Two retrospective studies (see references) presented a small case series of tacrolimus induced hyponatraemia in lung transplant recipients, which has not been reported in lung transplant patients previously. We present two cases of Syndrome of Inappropriate Anti-Diuretic Hormone Secretion in post bilateral lung transplant cystic fibrosis patients on tacrolimus.
First case is a 34 year old gentleman who underwent bilateral sequential lung transplantation via bilateral anterior thoracotomies. He was commenced on prednisolone and tacrolimus.

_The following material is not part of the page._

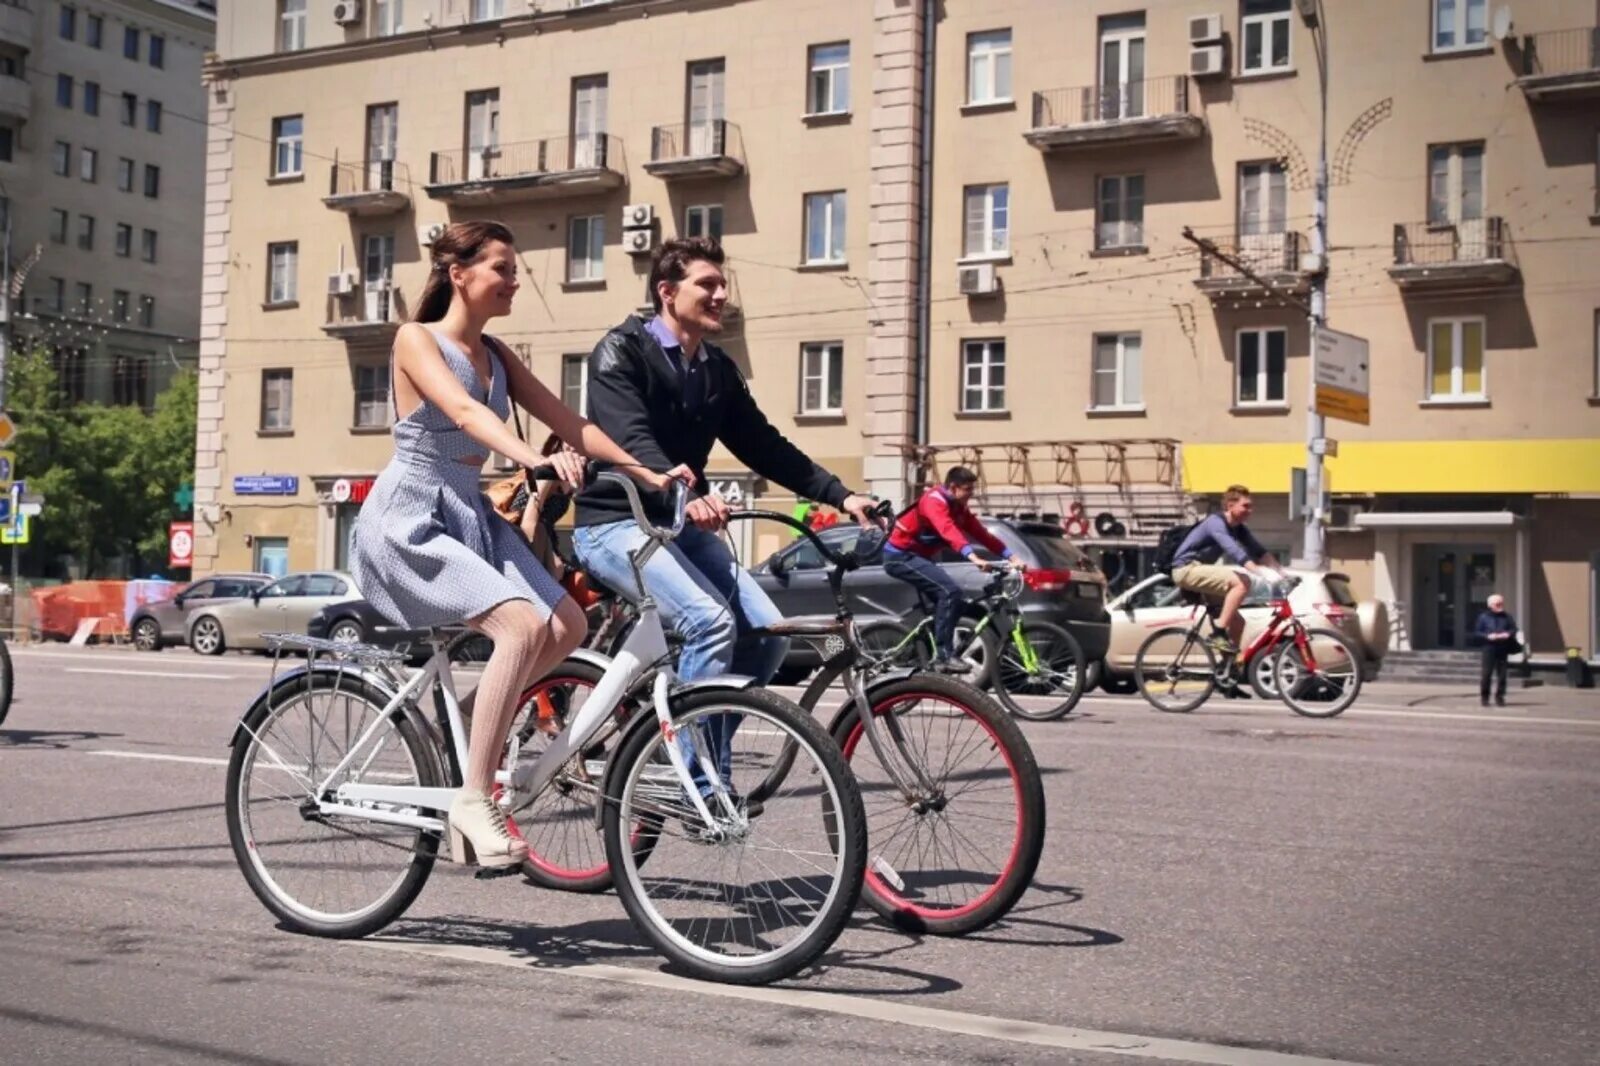 Bike москва. Велосипедист в городе. Велосипед в городе. Городской велосипед. Городской велосипедист.
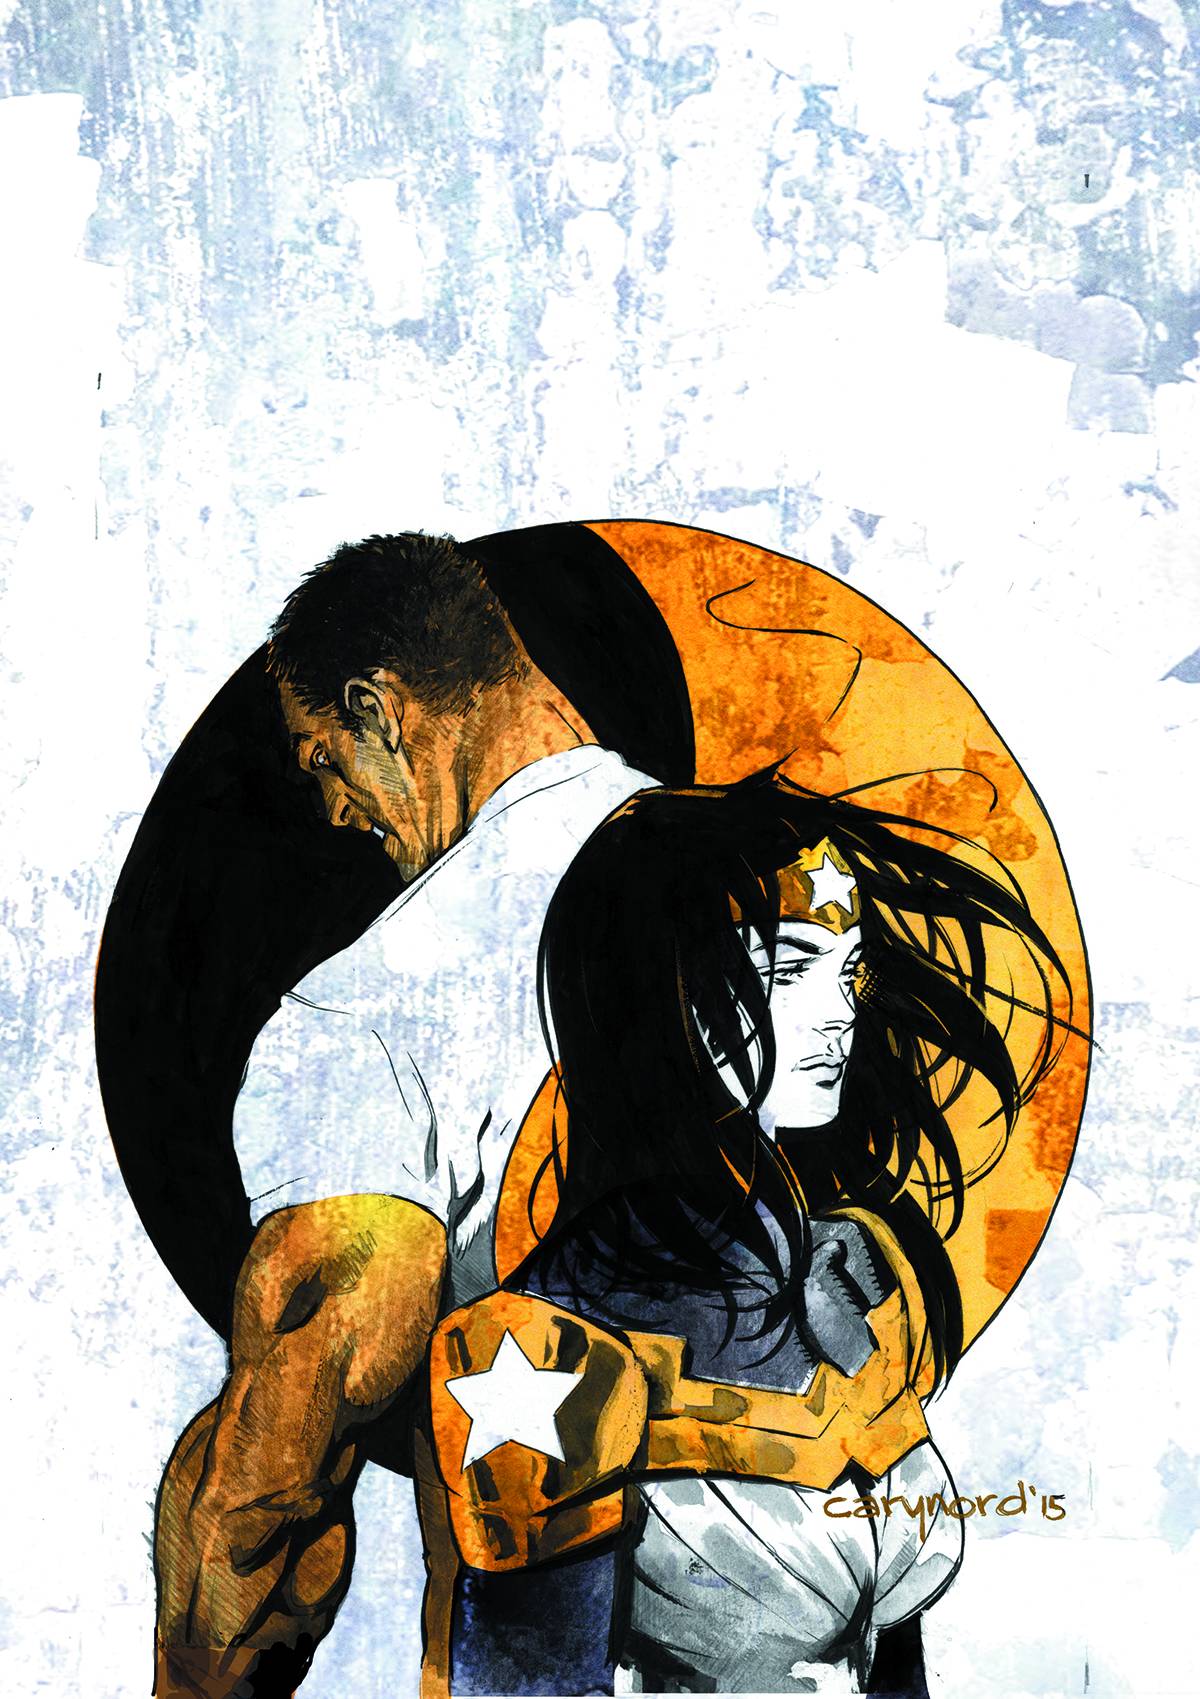 Superman Wonder Woman #22 (2013)

His immediate post-operative course was complicated by Clostridium difficile, subcutaneous emphysema and a hyponatraemic seizure 2 weeks post-transplant which required an ICU admission for hypertonic saline and close monitoring. His sodium decreased from 133 mmol/L pre-lung transplant to 117 mmol/L on day of seizure. Concurrent plasma osmolality was 261 mmol/kg [275-295 mmol/kg], urinary osmolality was 636mmol/kg and urinary sodium 36mmol/L. Post-acute management of hyponatraemia, tacrolimus was changed to cyclosporine. Patient’s medical history includes CF related diabetes and pancreatic exocrine insufficiency, and he was normoglycaemic during the seizure. Hyponatraemia screening bloods included HbA1c of 5.6%, TSH 1.80 mu/L [0.4 – 4.0], fT4 11 pmol/L [9-19] and a cortisol 770 nmol/L (on prednisolone).
Second case is a 54 year old gentleman, 5 months post bilateral lung transplant also on tacrolimus, who presented to hospital with 2 week history of abdominal crampy pain and watery non-bloody diarrhoea. Tests for pancreatitis, inflammatory bowel disease, carcinoid and amyloidosis were unremarkable. His sodium decreased from 140 to 117 mmol/L, plasma osmolality was 248 mmol/kG with a urine sodium 162 mmol. Patient’s hyponatraemia resolved with aggressive fluid restriction (600ml). Hyponatraemia screening tests included TSH 1.10 mU/L [0.4 – 4.0], fT4 15 pmol/L [9-19 pmol/l] and a HbA1c 6.4%.